PROBLEM STATEMENT |
Your task is to write out every line of the data exactly. Drop the pictures.

GIVEN MATERIAL |

.....

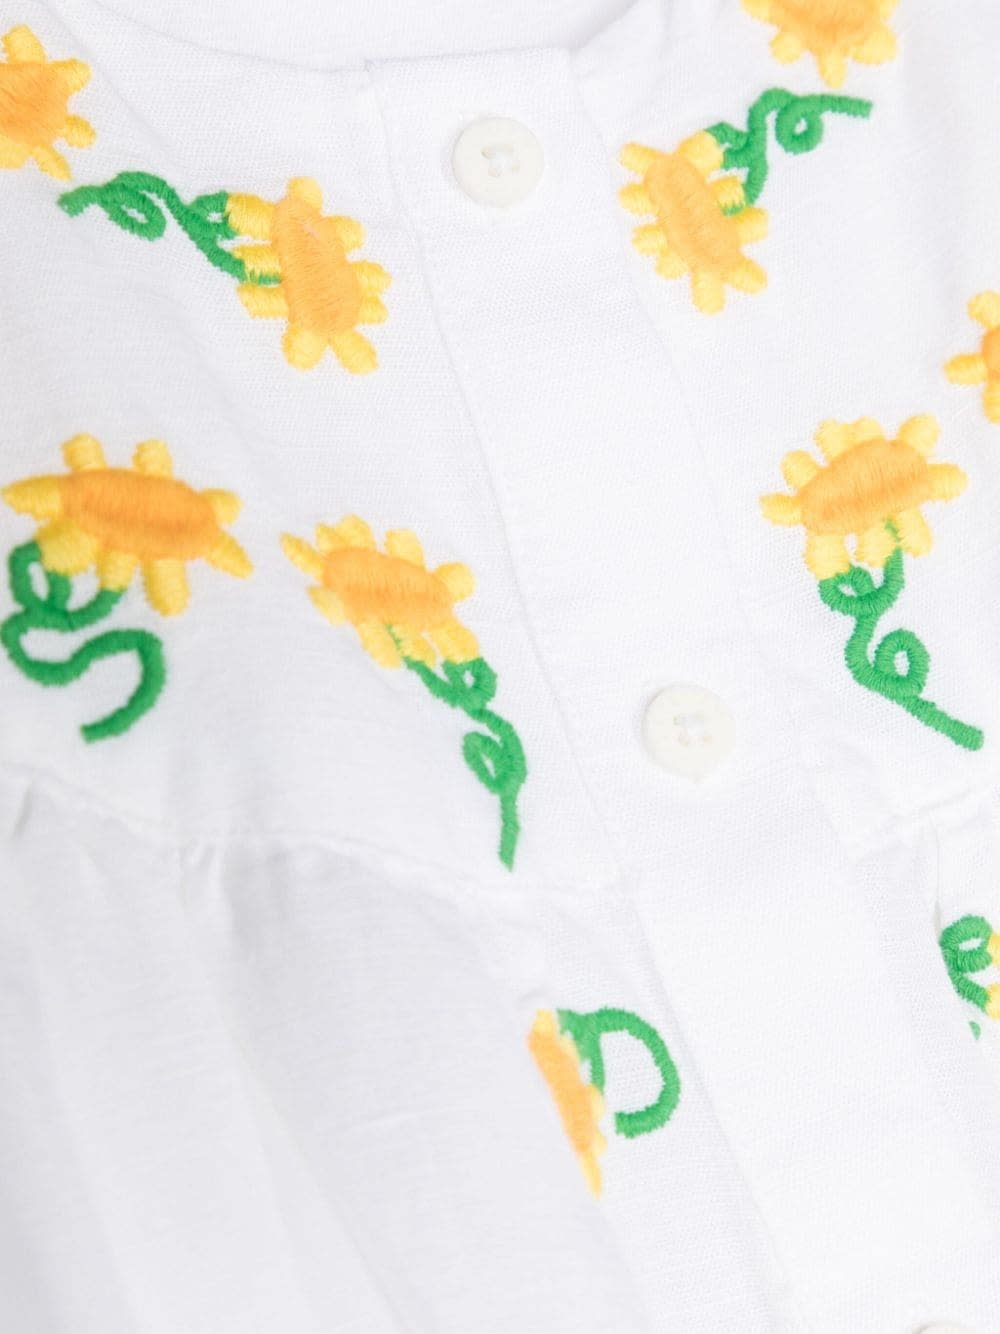 Shop Stella Mccartney White Dress With Embroidered Sunflowers
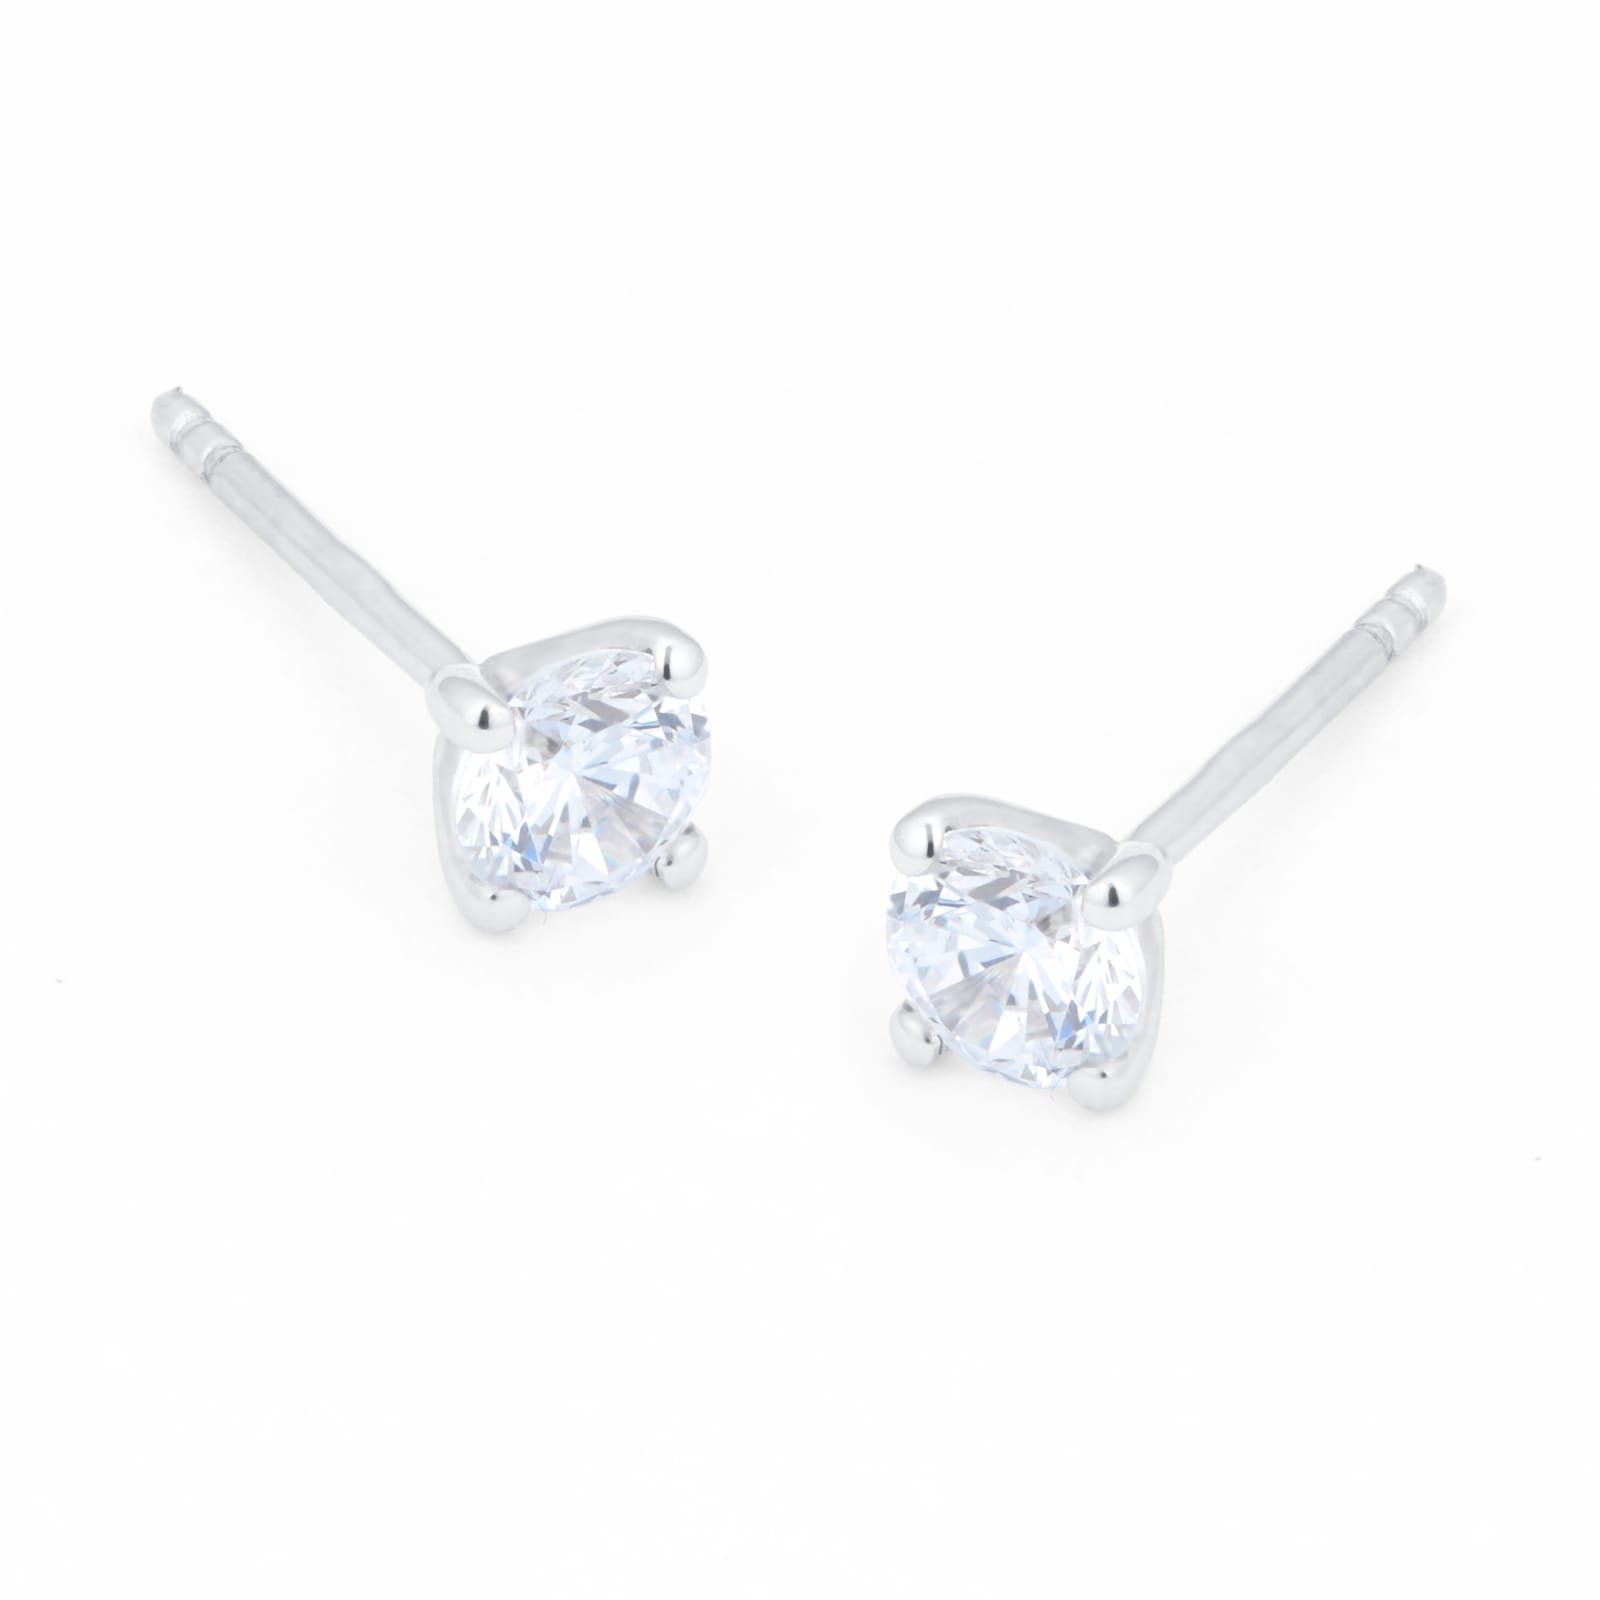 Goldsmiths 18ct White Gold 0.60cttw Solitaire Stud Earrings EX3137 ...
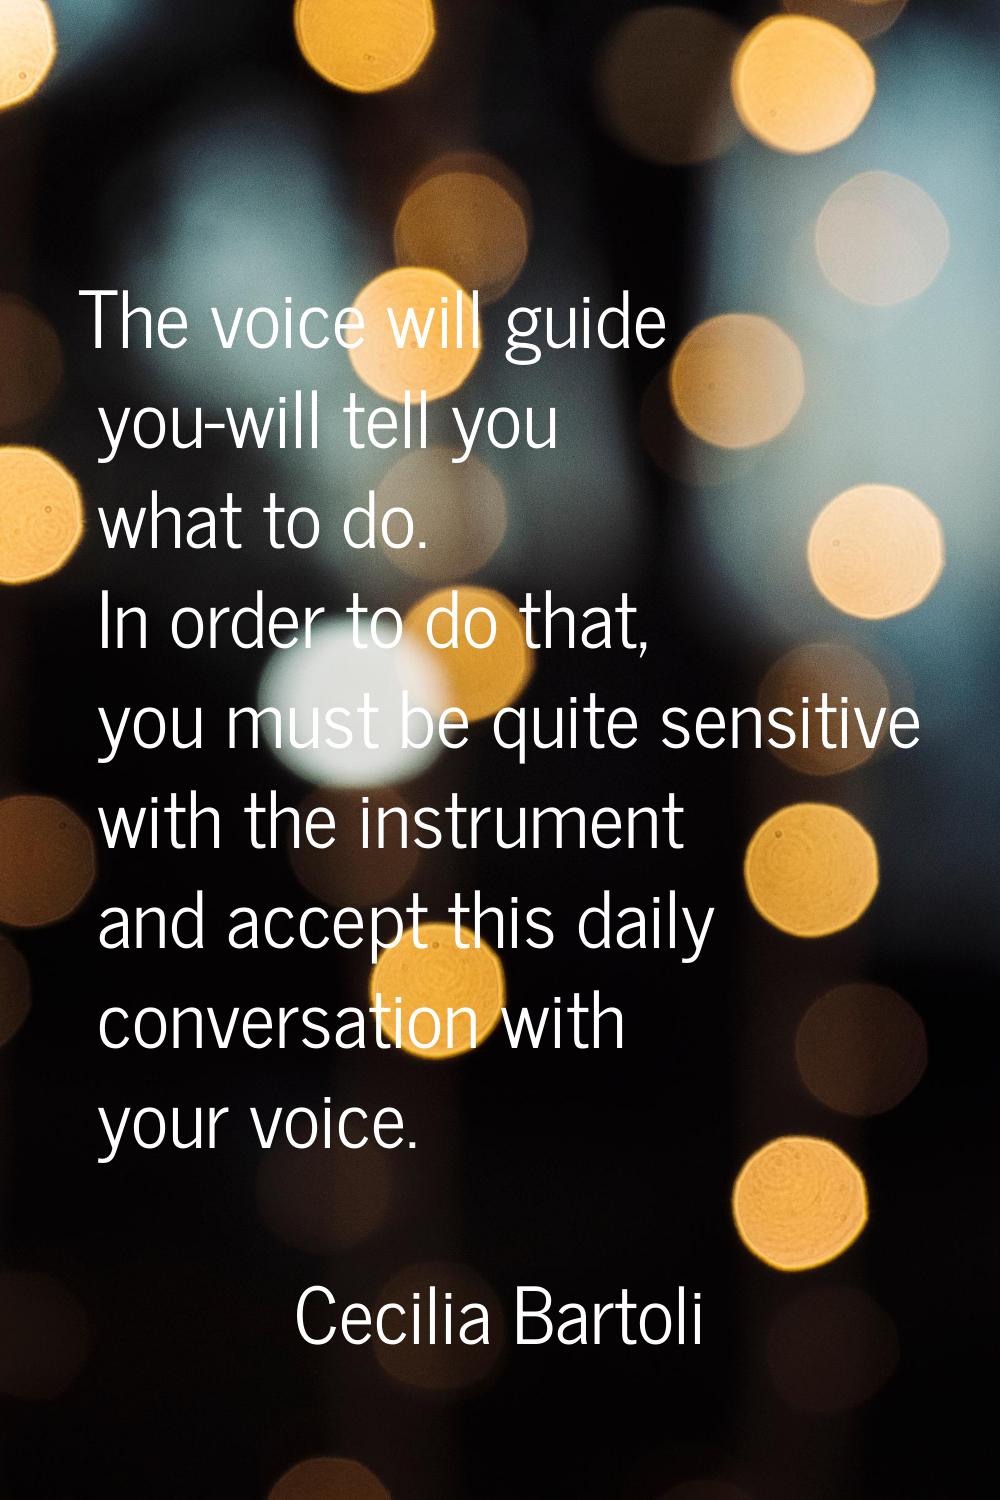 The voice will guide you-will tell you what to do. In order to do that, you must be quite sensitive

.....

WRITTEN RESPONSE |
 Shop Stella Mccartney White Dress With Embroidered Sunflowers
 Goldsmiths 18ct White Gold 0.60cttw Solitaire Stud Earrings EX3137 ...
 The voice will guide you-will tell you what to do. In order to do that, you must be quite sensitive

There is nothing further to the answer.